[Opening Given data section]

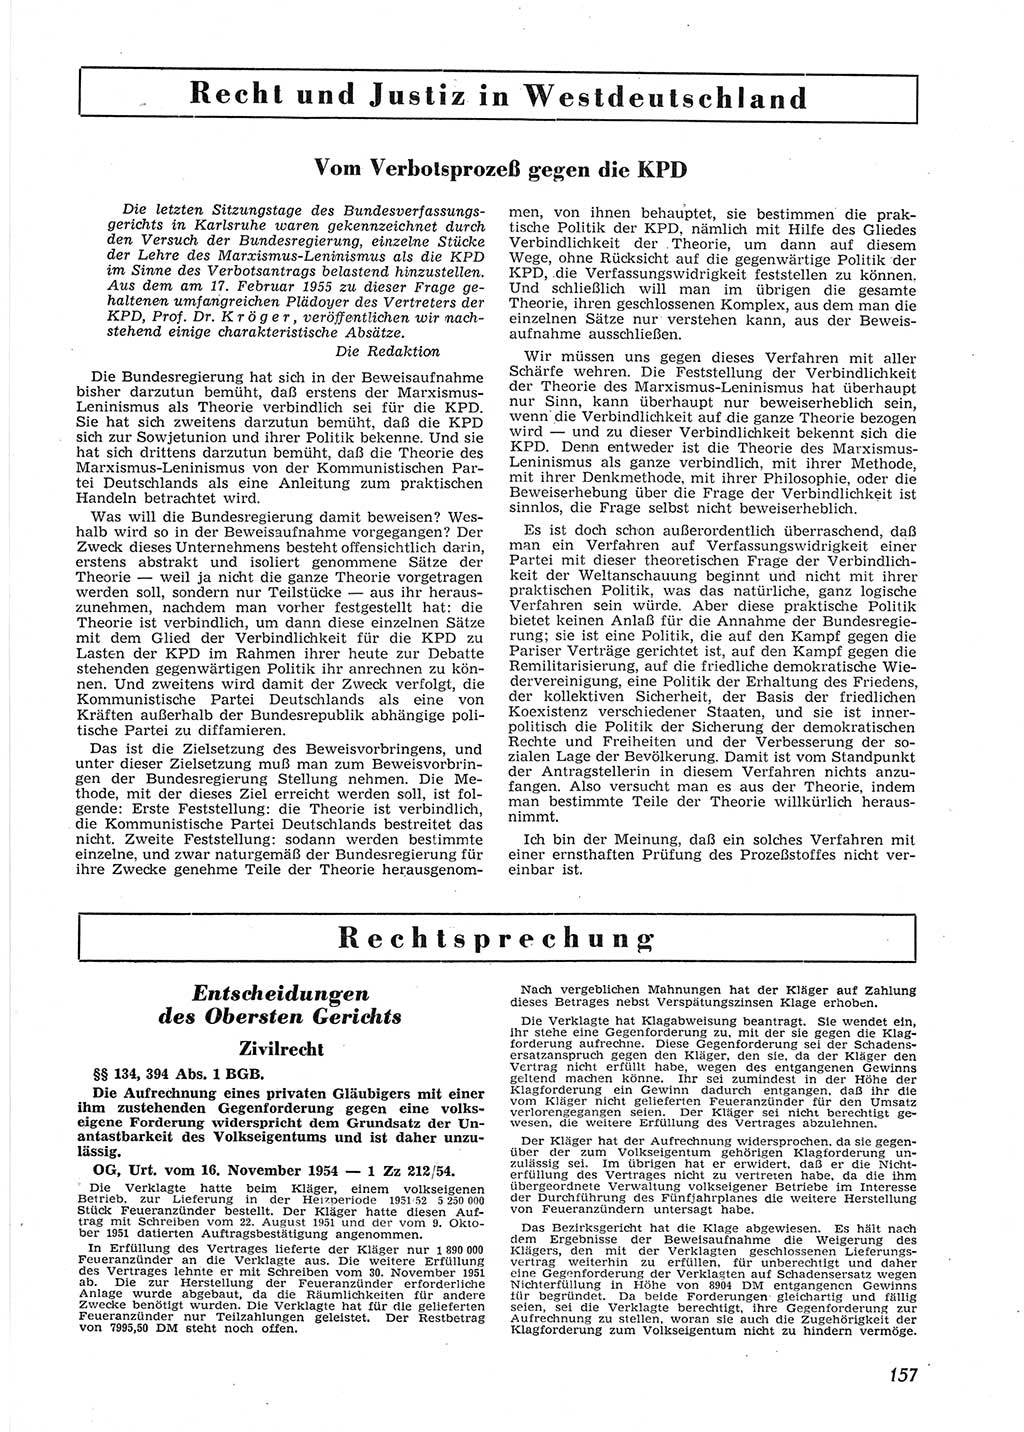 Neue Justiz (NJ), Zeitschrift für Recht und Rechtswissenschaft [Deutsche Demokratische Republik (DDR)], 9. Jahrgang 1955, Seite 157 (NJ DDR 1955, S. 157)
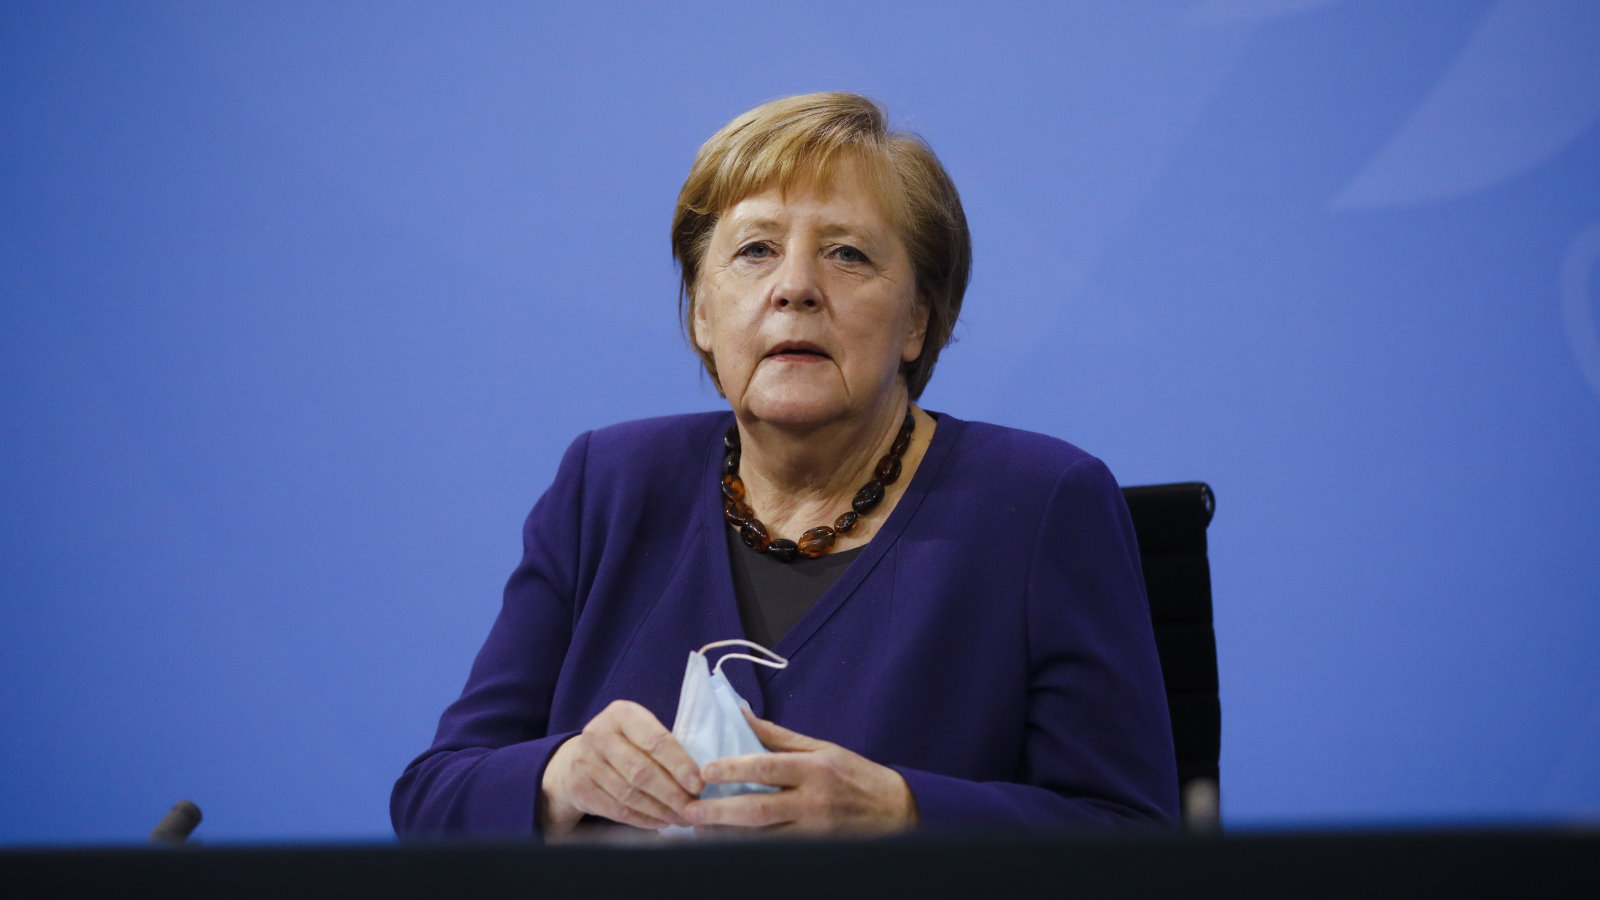 Меркель заявила о третьей волне пандемии коронавируса в Германии
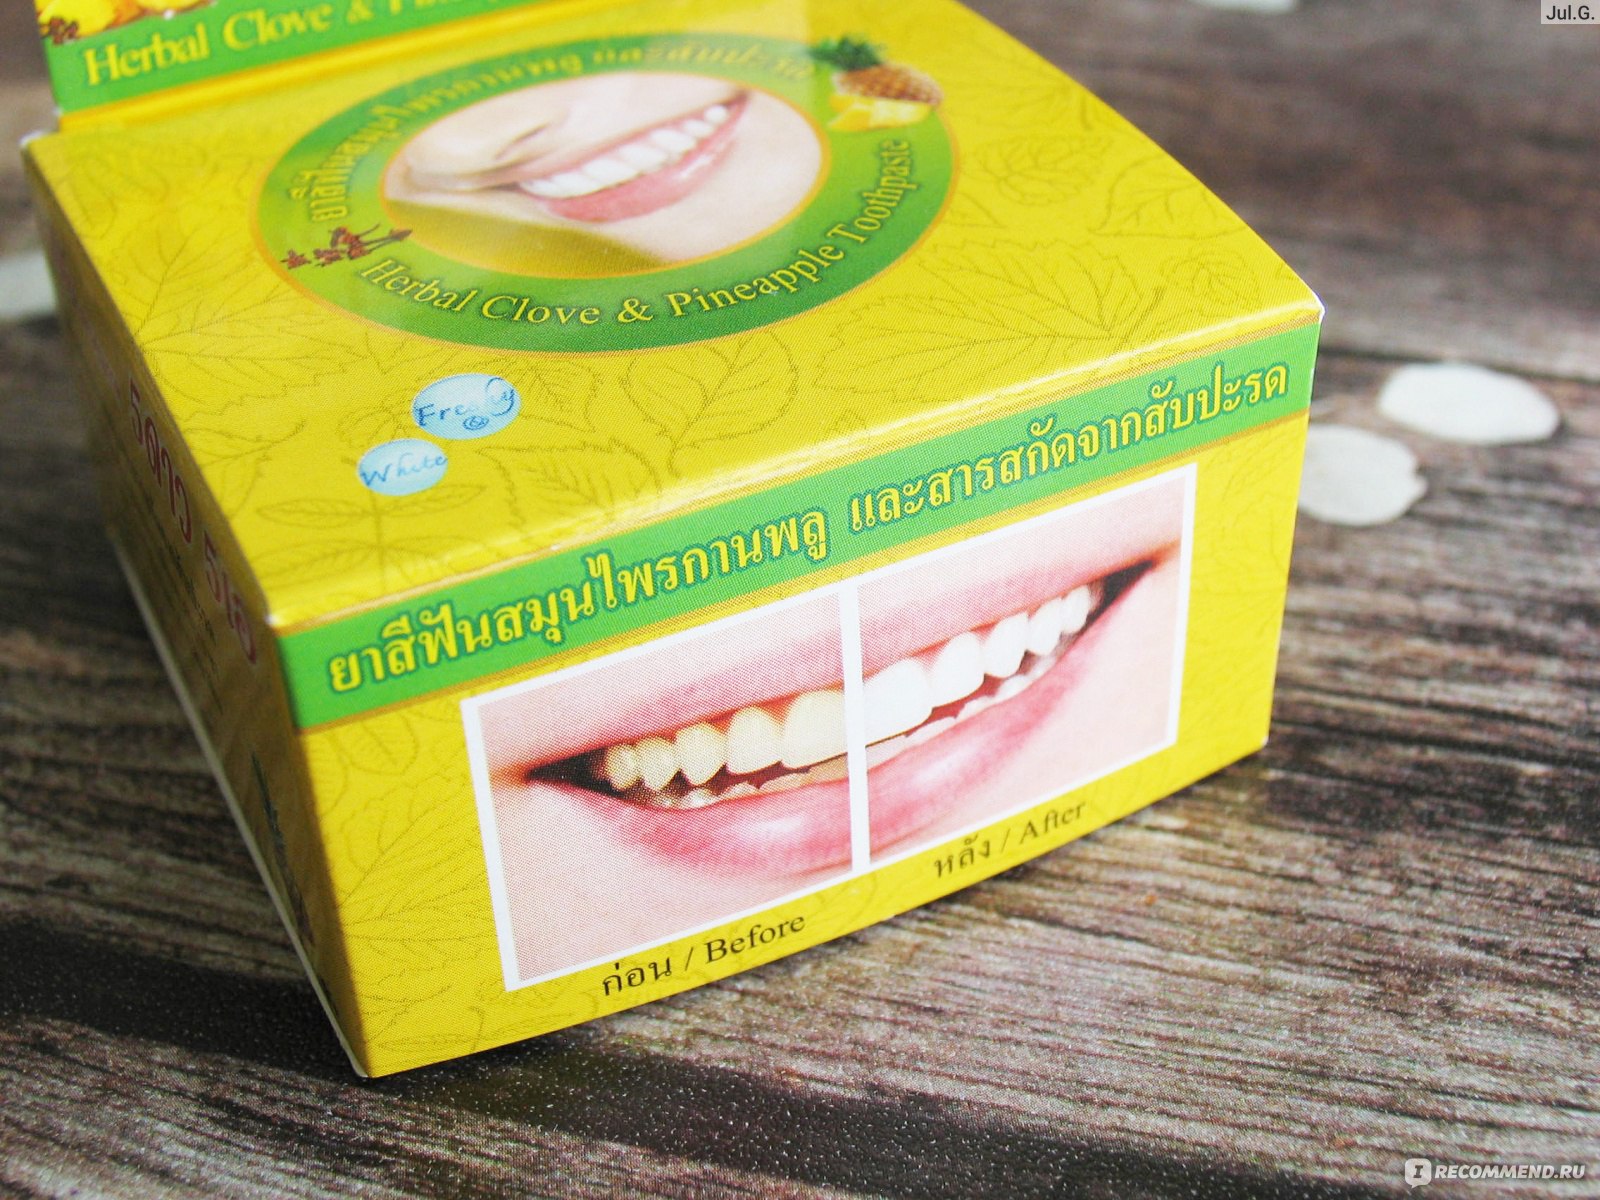 Отбеливающая тайская зубная паста: свойства пасты, отзывы стоматологов

[Closing Given data section]

Give back exactly the lines from the first line of the data through the line with "Меркель заявила о", pictures excluded.

 Neue Justiz (NJ), Zeitschrift für Recht und Rechtswissenschaft [Deutsche Demokratische Republik (DDR)], 9. Jahrgang 1955, Seite 157 (NJ DDR 1955, S. 157)
 Меркель заявила о третьей волне пандемии коронавируса в Германии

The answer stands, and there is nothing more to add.